Detailed Notes on Relations and Functions

1. Types of Relations NCERT Reference: Chapter 1, Relations and Functions, Class 11

• One-to-one: A relation R from a set A to a set B is said to be one-to-one if every element of B has a unique pre-image in A.
• One-to-many: A relation R from a set A to a set B is said to be one-to-many if every element of B has at least one pre-image in A.
• Many-to-one: A relation R from a set A to a set B is said to be many-to-one if every element of B has more than one pre-image in A.
• Many-to-many: A relation R from a set A to a set B is said to be many-to-many if every element of B has more than one pre-image in A.
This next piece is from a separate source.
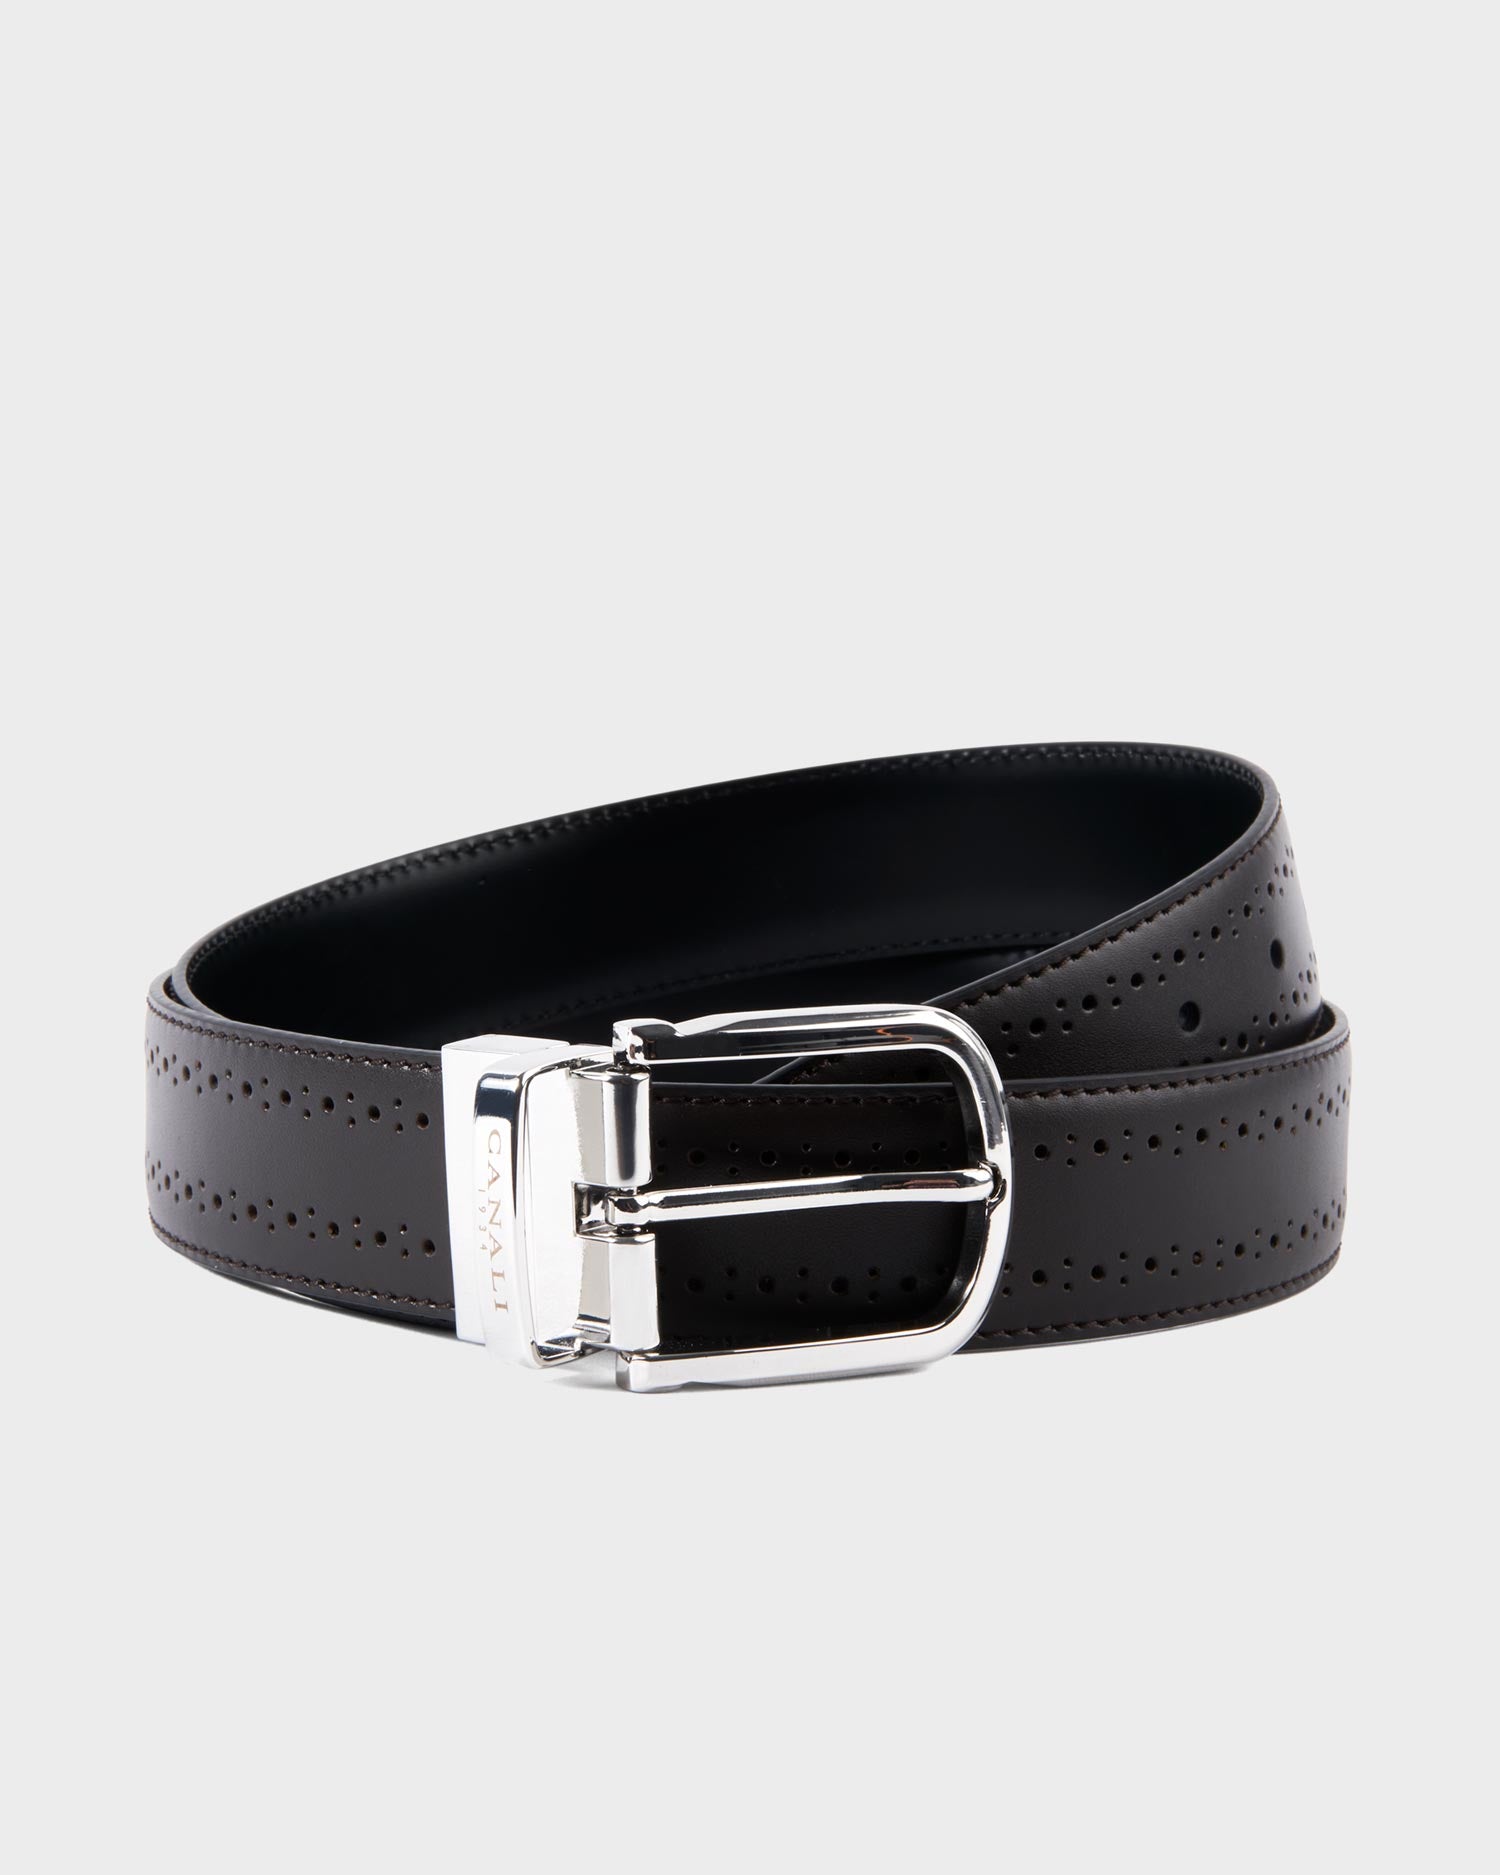 Belts– Parker & Co.
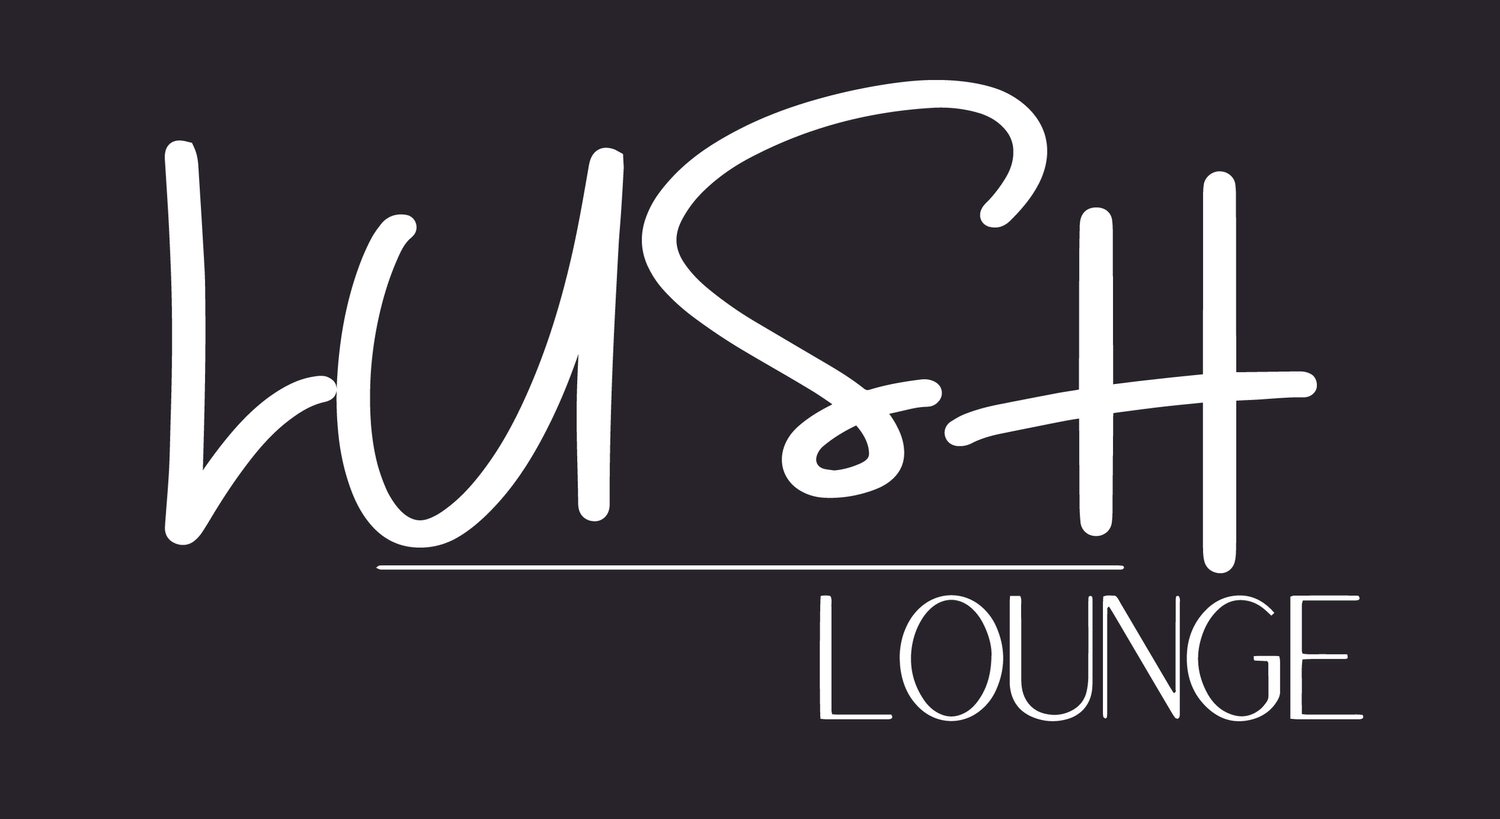 Lush Lounge Stuart

2. Functions NCERT Reference: Chapter 1, Relations and Functions, Class 11

• Definition of a Function: A function f from a set A to a set B is a relation R from A to B that assigns to each element x in A a unique element y in B, denoted by f(x).
• Injective: A function f from a set A to a set B is said to be injective (one-to-one) if for any two distinct elements a1 and a2 in A, f(a1) ≠ f(a2).
• Surjective: A function f from a set A to a set B is said to be surjective (onto) if for every element b in B, there exists at least one element a in A such that f(a) = b.
• Bijective: A function that is both injective and surjective is called a bijective function.

3. Algebra of Functions NCERT Reference: Chapter 1, Relations and Functions, Class 11

• Addition: (f + g)(x) = f(x) + g(x)
• Subtraction: (f - g)(x) = f(x) - g(x)
• Multiplication: (f * g)(x) = f(x) * g(x)
• Division: (f / g)(x) = f(x) / g(x) (g(x) ≠ 0)
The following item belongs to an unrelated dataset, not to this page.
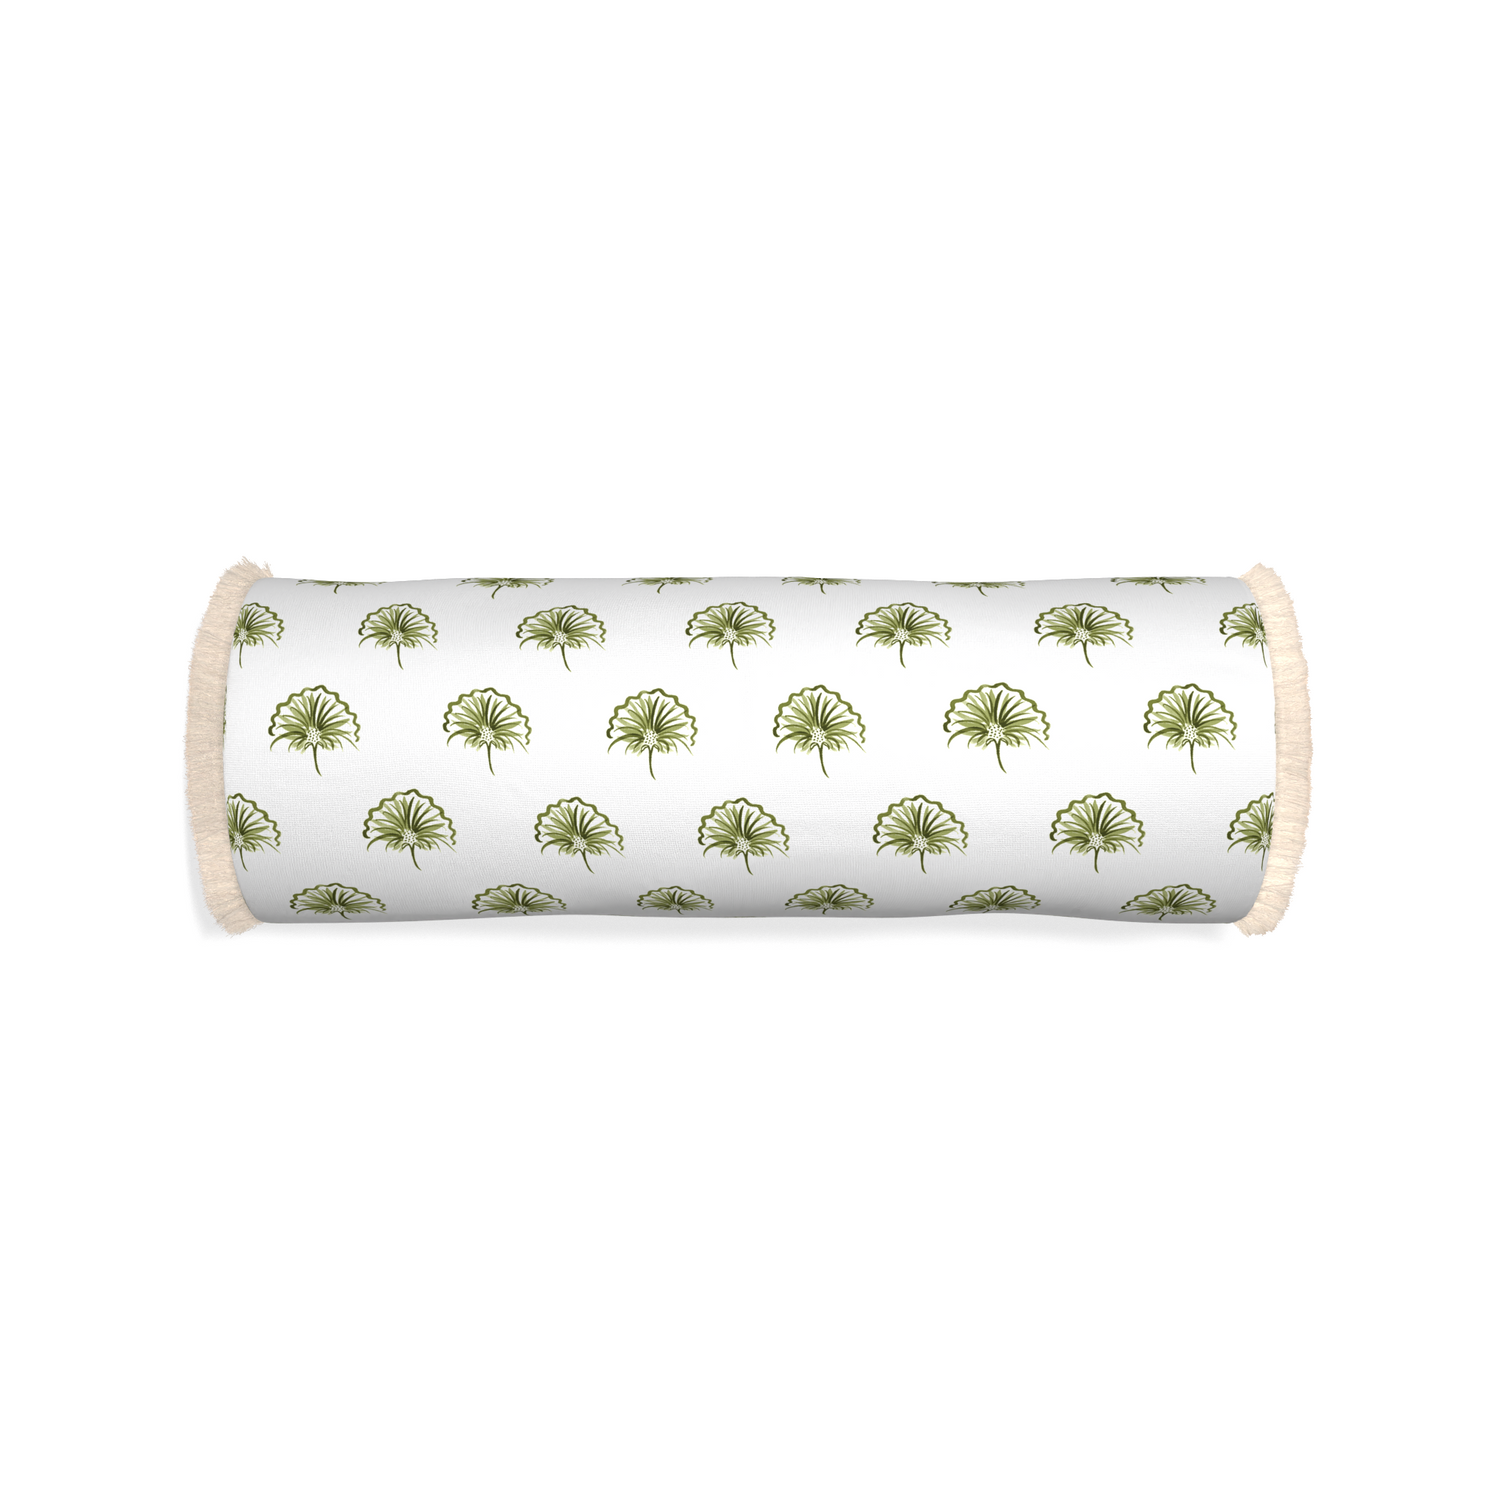 Bolster penelope moss custom green floralpillow with cream fringe on white background

4. Graphical Representation of Functions ** NCERT Reference**: Chapter 2, Functions, Class 12

• Plotting graphs allows for the visualization of the behavior of functions.
• Graphs can provide information such as the domain, range, and key features (maxima, minima, asymptotes).

5. Limits and Continuity ** NCERT Reference**: Chapter 2, Limits and Derivatives, Class 11

• Limits:
  • Limit of a function f(x) as x approaches a (denoted by lim_(x->a) f(x)) represents the value “L” if for any positive number ε, there exists a positive number δ such that if 0 < |x − a| < δ, then |f(x) − L| < ε.
  • Types of discontinuities include removable, jump, and infinite discontinuities.
  • Limit laws and theorems simplify limit calculations.
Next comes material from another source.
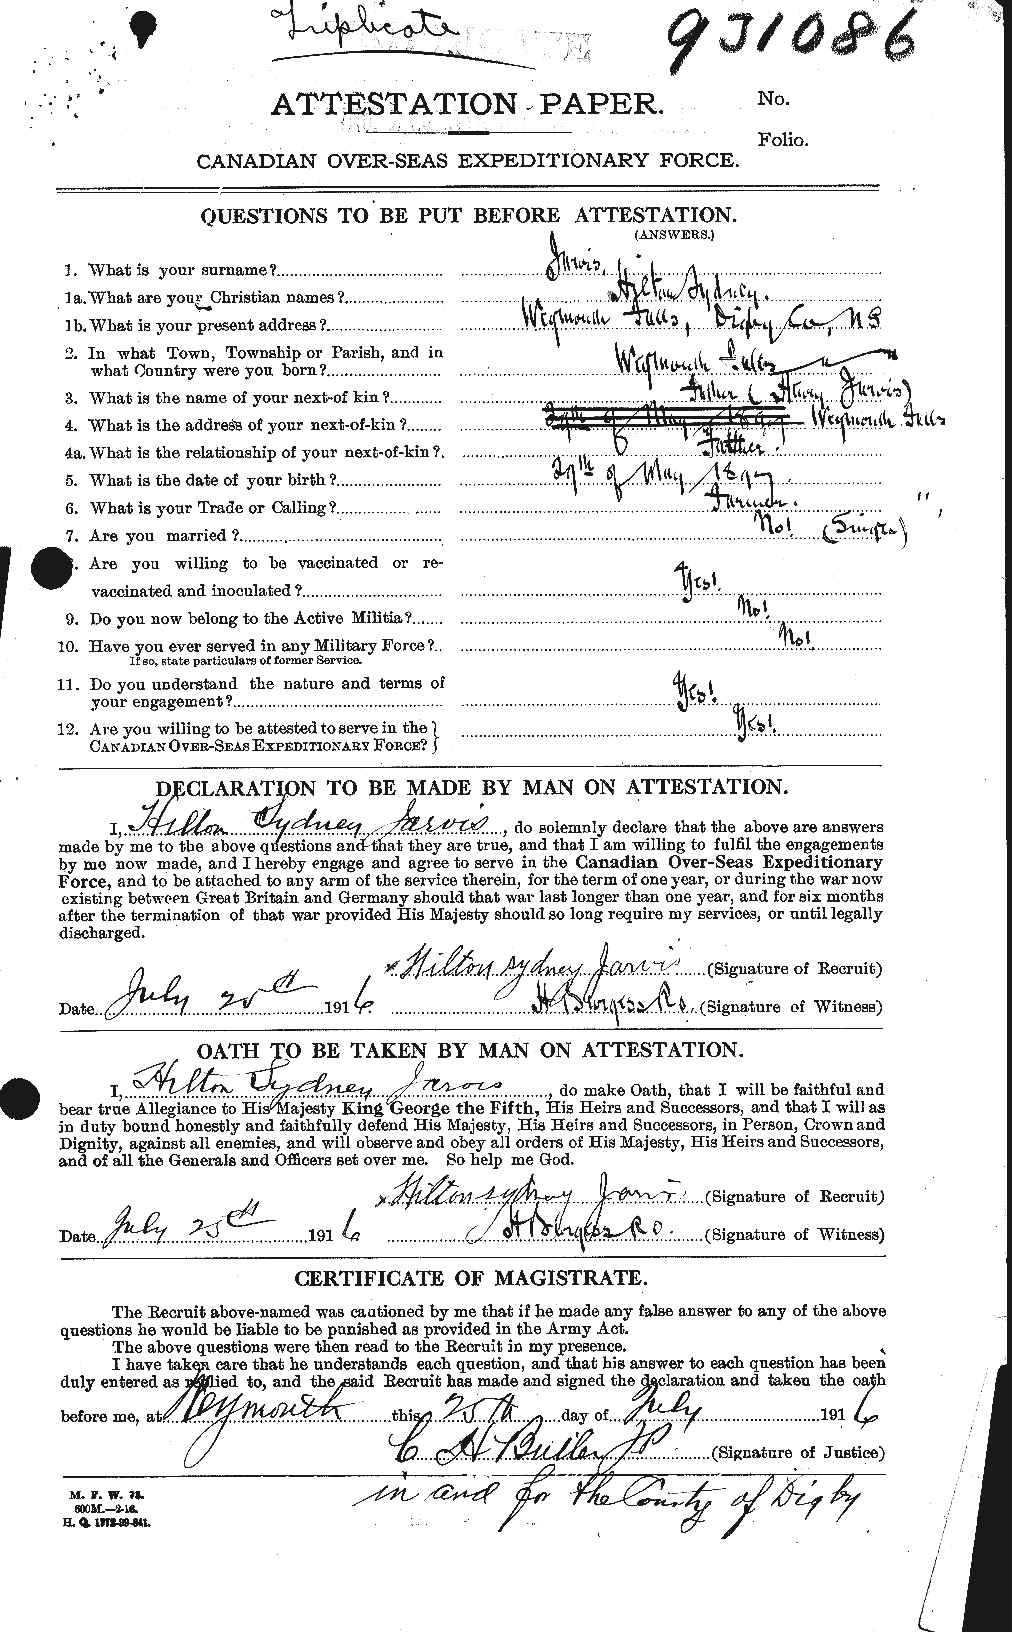 Dossiers du Personnel de la Première Guerre mondiale - CEC 414737a

6. Applications of Functions ** NCERT Reference**: Chapter 2, Functions, Class 12

• Optimization Problems: Functions can be used to optimize a quantity, such as finding maximum profit, maximum volume, or minimum cost.
• Curve Sketching: Analyzing the behavior of functions based on their graphs aids in understanding their characteristics and properties.

7. Sequences and Series ** NCERT Reference**: Chapter 2, Sequences and Series, Class 11

• Sequences: A sequence is an ordered list of numbers {a1, a2, a3, …}.
• Limits of sequences: If for any given ε > 0, there exists a positive integer M such that |am - L| < ε whenever m > M, then L is the limit of the sequence as m approaches infinity (denoted as lim_(m->∞) am = L).
• Convergence and Divergence: A series converges if the sum of its terms approaches a finite limit, and diverges if it approaches infinity or does not have a finite limit.